Doctors who are capable of using the latest technology are valuable commodities in today’s medical world.
Using up-to-the-minute science in record-keeping, as well as in ordering and conducting tests, helps physicians detect disease, share results and begin treatment for patients more quickly. Then there’s the whole growing field of telemedicine, where a doctor’s visit consists of logging onto your computer from wherever you may be.
New electronic medical records systems also give patients the ability to better manage their own health information, and at the touch of a button, connect with their health care providers. Ninety-three percent of Americans say that is something they want, according to a 2014 poll by Catalyst Healthcare Research (CHR).
Of that 93 percent, 1 in 4 said they would still choose that doctor even if there was a $25 fee per episode.
Still, some doctors are less than eager to embrace these new techniques. (For those of you battling tech advancements and upgrades in your own profession, some of this won't come as a surprise.)
Complex computer systems, a lack of payment for time spent responding to patient emails, and doctors' fears that their inboxes will be overloaded are the reasons why about 20 percent of all doctors communicate electronically with their patients, according to the Roanoke Times.
Staying abreast of late-breaking issues can be laborious and expensive. Getting trained and becoming adept at using cutting-edge scientific know-how in testing, charting and record-keeping can be off-putting and overwhelming.
Medical personnel acknowledge the benefits of using quickly advancing technology. And 8 out of 10 physicians reported in 2013 they were already using an EHR system or planned to adopt one. Yet some doctors are simply still struggling — wondering if the computer takes away precious time from the old-fashioned physical assessment and doctor-patient interview time.
"Having records available to all the doctors on a patient’s case makes for more comprehensive medical care," Bruce Ruben, a physician and medical director of Encompass HealthCare and Wound Medicine in Michigan, told LifeZette.
"It is critical all doctors treating the same patient are on the 'same page,' so allowing the patient to transfer medical records allows for continuity of care, faster information transference, and a more efficient process."
Another benefit of computerized technology is the availability of medical literature and studies.
"In the past when you wanted to look up something, you needed to find your way to the library or department office to find books and journals, some of which may have been out of date. Now you can access reliable information online rapidly to enhance diagnosis and treatment via use of extensive, searchable resources," said Joseph E. Glaser, a nuclear medicine physician at Radiologic Associates in Middletown, New York.

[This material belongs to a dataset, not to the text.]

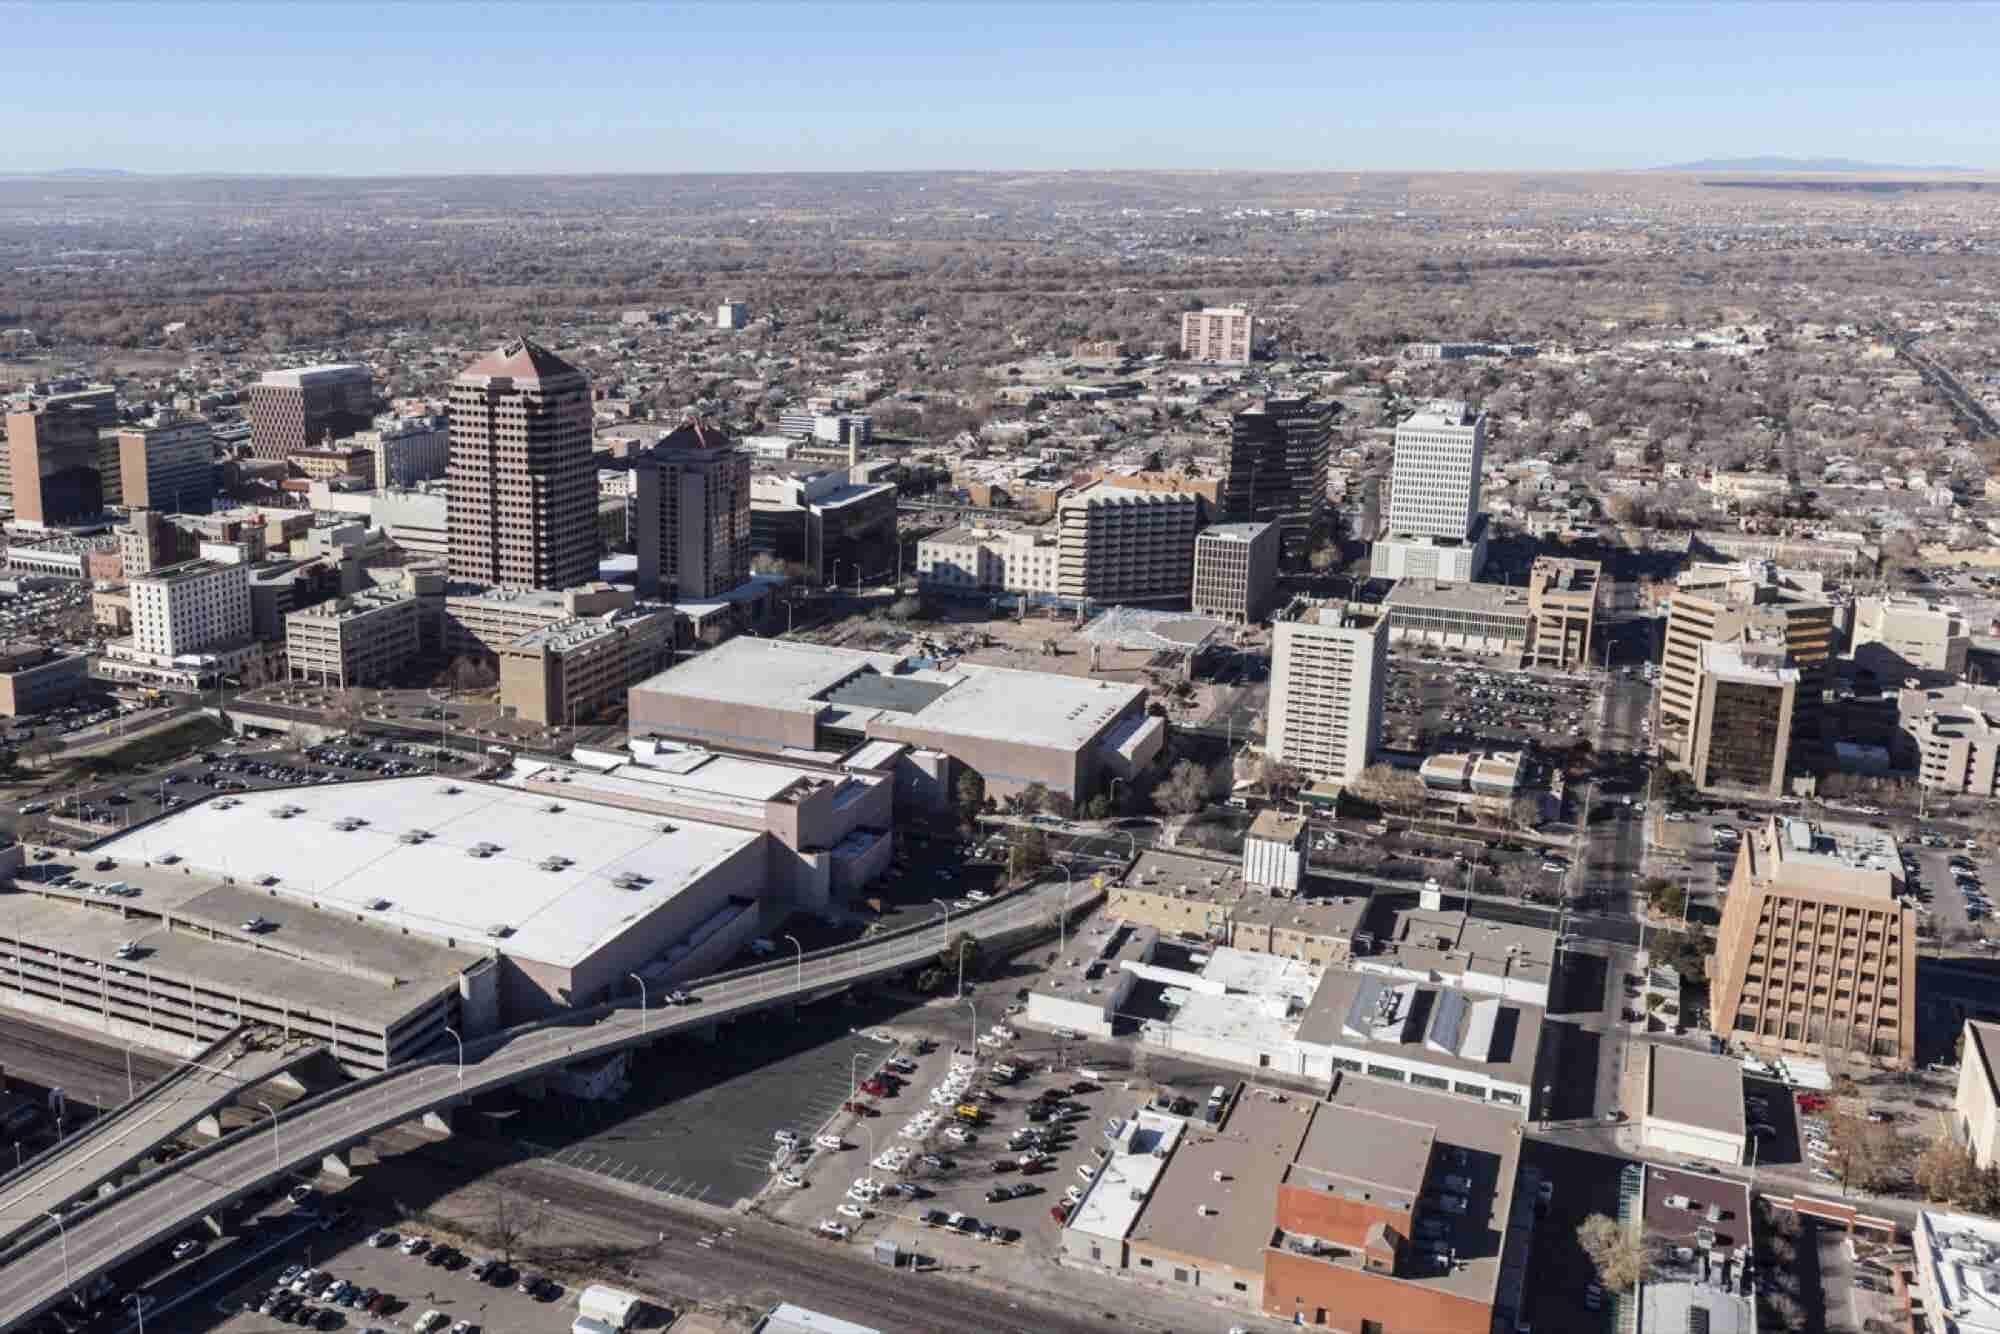 Albuquerque Has Embraced the Entrepreneurial Mindset for City Services

The development of clinical trials using data-based evidence that can be analyzed to define risk factors and underlying relationships between patients is another major development. "The scale on which this is done today would not be possible without technology," Glaser told LifeZette.
Still, the application of technology in medicine is moving at a much greater speed than doctors can often adapt to, even for the ones more than willing to embrace the practice.
"No one piece of software typically does everything that is required. And requirements may vary due to differences within your populations, different locations and resources that may fluctuate involving your medical practice," Glaser said.
Ensuring that information flows securely and in a seamless fashion can also be challenging and requires close collaboration with other clinicians, he added.
"Keeping up with these breakthrough applications for treating patients requires a commitment of personal time, time away from their practice and cost of travel and training courses," said George M. Suarez, a urology surgeon in Miami, Florida.
Still, "it is absolutely necessary for doctors to make the sacrifice to keep up with the ever evolving advances in order to provide optimal medical care. Unfortunately, often times doctors will resist these advances, view them as a disruptive nuisance and refer to them as experimental or unproven which precludes patients from accessing these treatments," Suarez told LifeZette.
Bottom line: There’s no holding back science. Doctors and their patients have to adapt to the ever-expanding horizon of mechanization, and doctors say it is mainly a good thing as long as they can still talk to their patients face-to-face.
"I find that listening to my patients is my number-one best tool. Really listening can tell you all you need to know about what's wrong with that patient, and it's never failed me yet," said Ruben.